The above description is only a preferred embodiment of the present invention and is not intended to limit the present invention, and various modifications and changes may be made by those skilled in the art. Any modification, equivalent replacement, or improvement made within the spirit and principle of the present invention should be included in the protection scope of the present invention.

Claims

1. A data desensitization method based on a characteristic rule desensitization segment is characterized in that:

s01, selecting target data containing sensitive data according to the request party;

s02, acquiring characteristic rules containing sensitive data;

s03, dividing the sensitive positions based on the characteristic rule to obtain sections to be desensitized;

and S04, desensitizing the desensitization section.

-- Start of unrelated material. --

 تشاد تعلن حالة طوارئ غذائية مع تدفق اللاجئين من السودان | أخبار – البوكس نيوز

2. A method of data desensitization based on property rule desensitization segments according to claim 1, wherein said step of desensitizing the desensitization segments is:

sequentially selecting desensitization segments, determining the effective value range and the potential rule of each bit of data in the desensitization segments according to the characteristic rule and the position to be desensitized, generating desensitization segment vectors, randomly selecting a prime number P, and calculating a desensitization value Y for each bit of original data x according to the desensitization formula_i：

Y_i＝Y_i-1+∑_j(x-t_j-P)modN

In the formula, i is desensitization times, j is a data identifier in an effective range corresponding to a bit where x is located, tj is the jth data in the effective range corresponding to the bit where x is located, mod () is a residue taking function, and N is the total number of data to be desensitized included in the desensitization segment.

3. The data desensitization method based on the characteristic rule desensitization segment according to claim 2, characterized in that a desensitization data value range is screened by adopting a similarity calculation method to obtain processed desensitization data, the processed desensitization data is compared with original data, if the desensitization data is the same as the original data, the sensitivity calculation and screening procedures are re-executed, and if the desensitization data is different from the original data, desensitization is completed.

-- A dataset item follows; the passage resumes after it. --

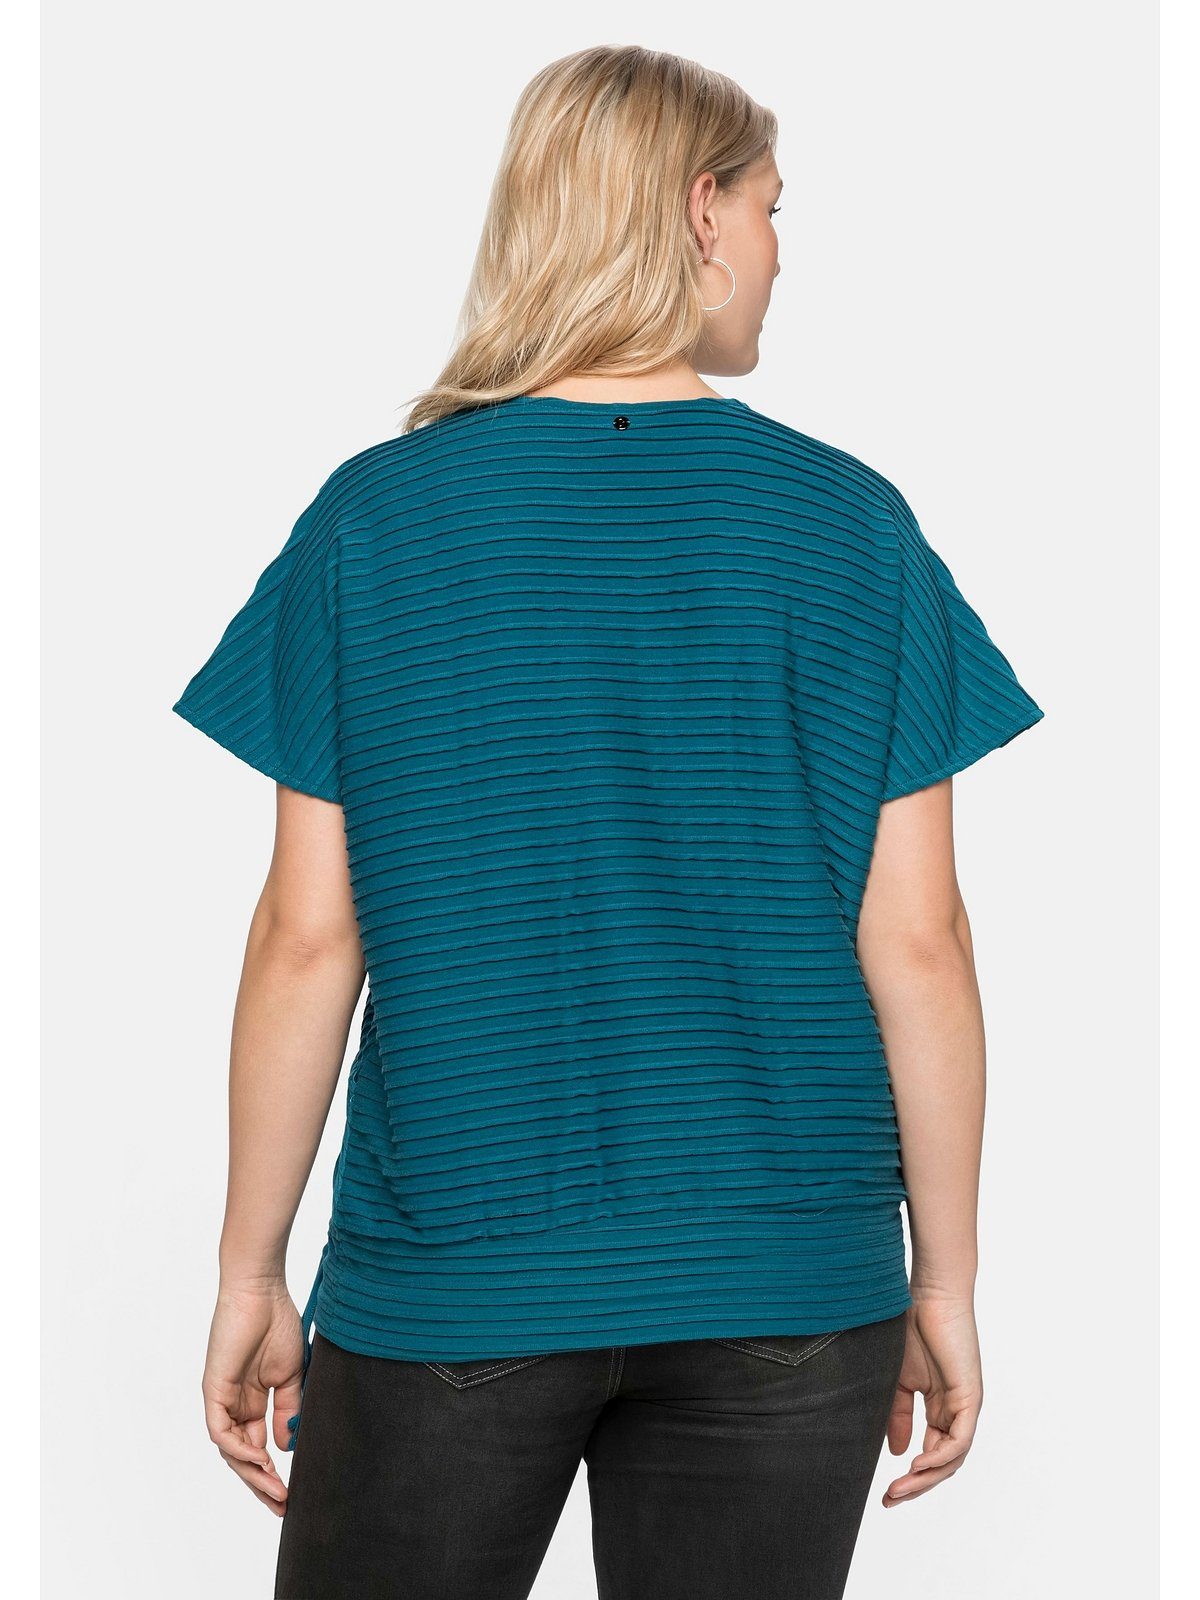 T-Shirt Wickeloptik, Große Größen mit Sheego in aufwendigen Biesen

4. The data desensitization method according to any one of claims 1 to 3, wherein after desensitization, the feedback party obtains the display value of the sensitive data and compares the display value with the desensitization data, if the display value is the same as the desensitization data, the feedback party sends a confirmation message to the requesting party and then converts the desensitization data into the display value, and if the display value is not the same as the desensitization data, the desensitization procedure is executed again.

5. The method of data desensitization based on characteristic rule desensitization segments according to claim 1, wherein the target data includes identification numbers, uniform social credit codes, phone numbers, addresses, license plate numbers, bank account numbers, or social account numbers.